■ **EXERCISE MATERIALS**:
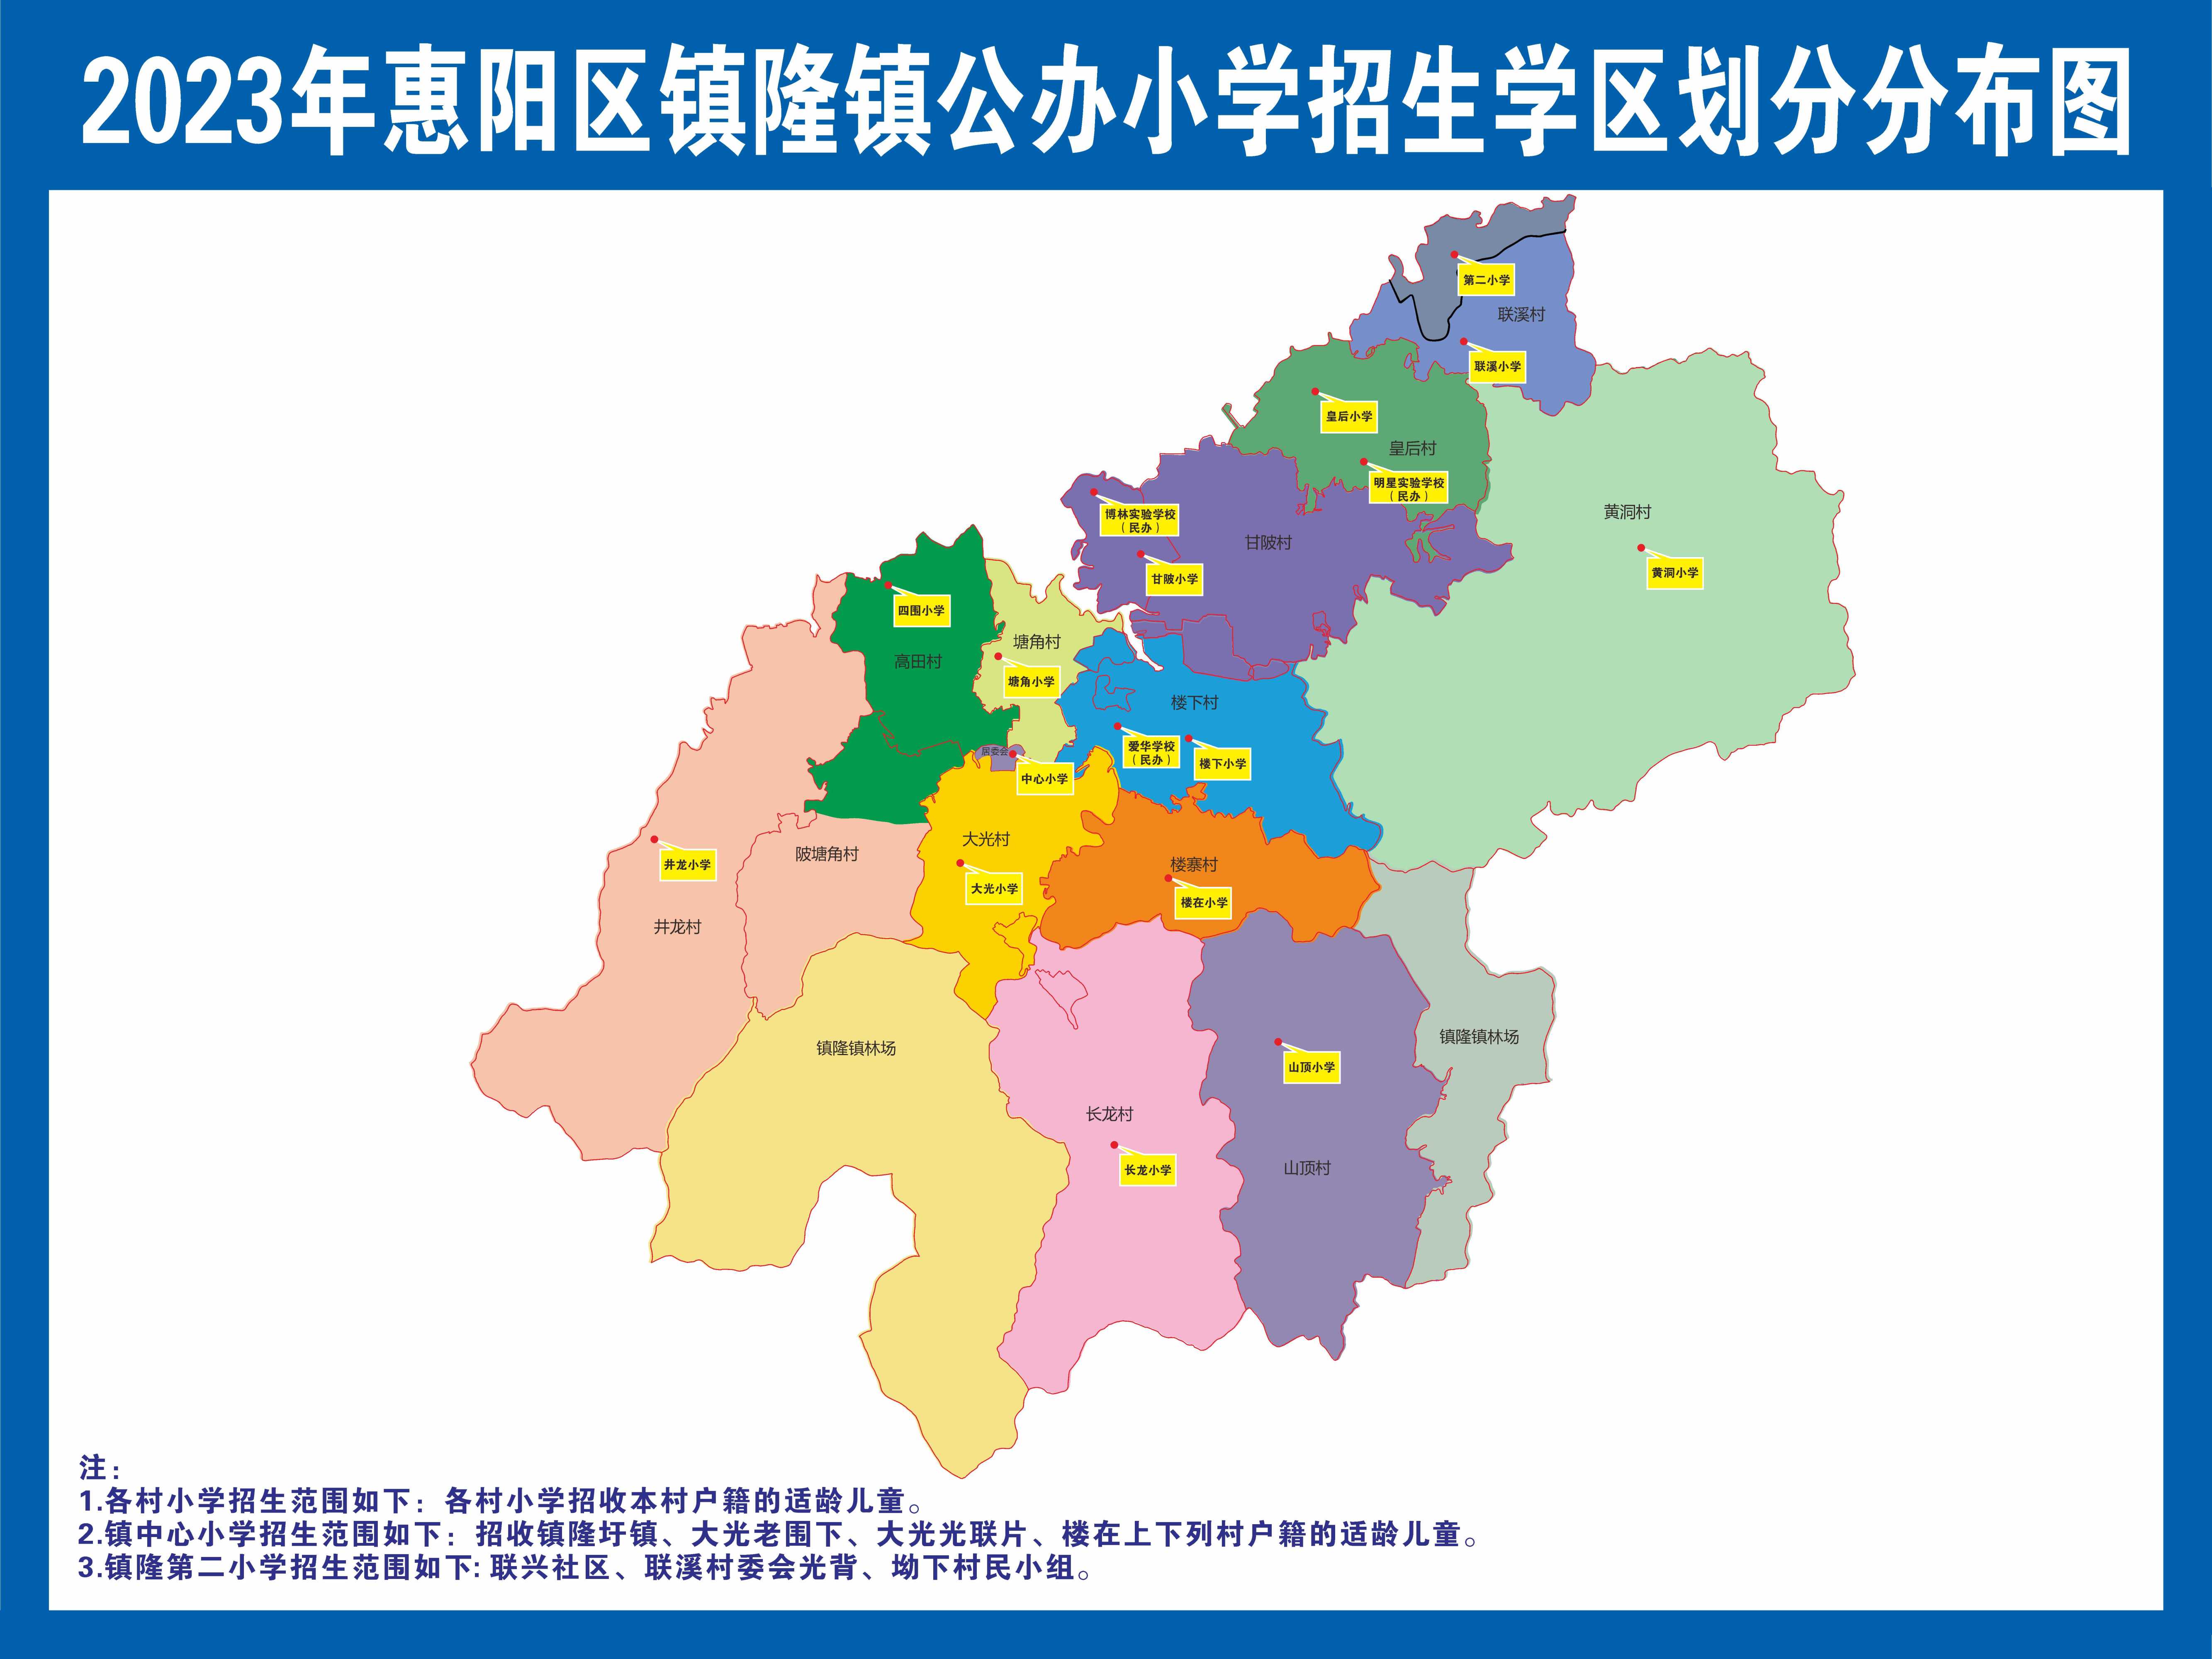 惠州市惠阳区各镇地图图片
* * *
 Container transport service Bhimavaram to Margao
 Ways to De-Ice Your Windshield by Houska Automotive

■ **PROBLEM TO SOLVE**:
Using the records above, copy word for word the line with "Container transport service", the line with "Ways to De-Ice", and every line between them.

■ **SOLUTION TO THIS PROBLEM**:
 Container transport service Bhimavaram to Margao
 Ways to De-Ice Your Windshield by Houska Automotive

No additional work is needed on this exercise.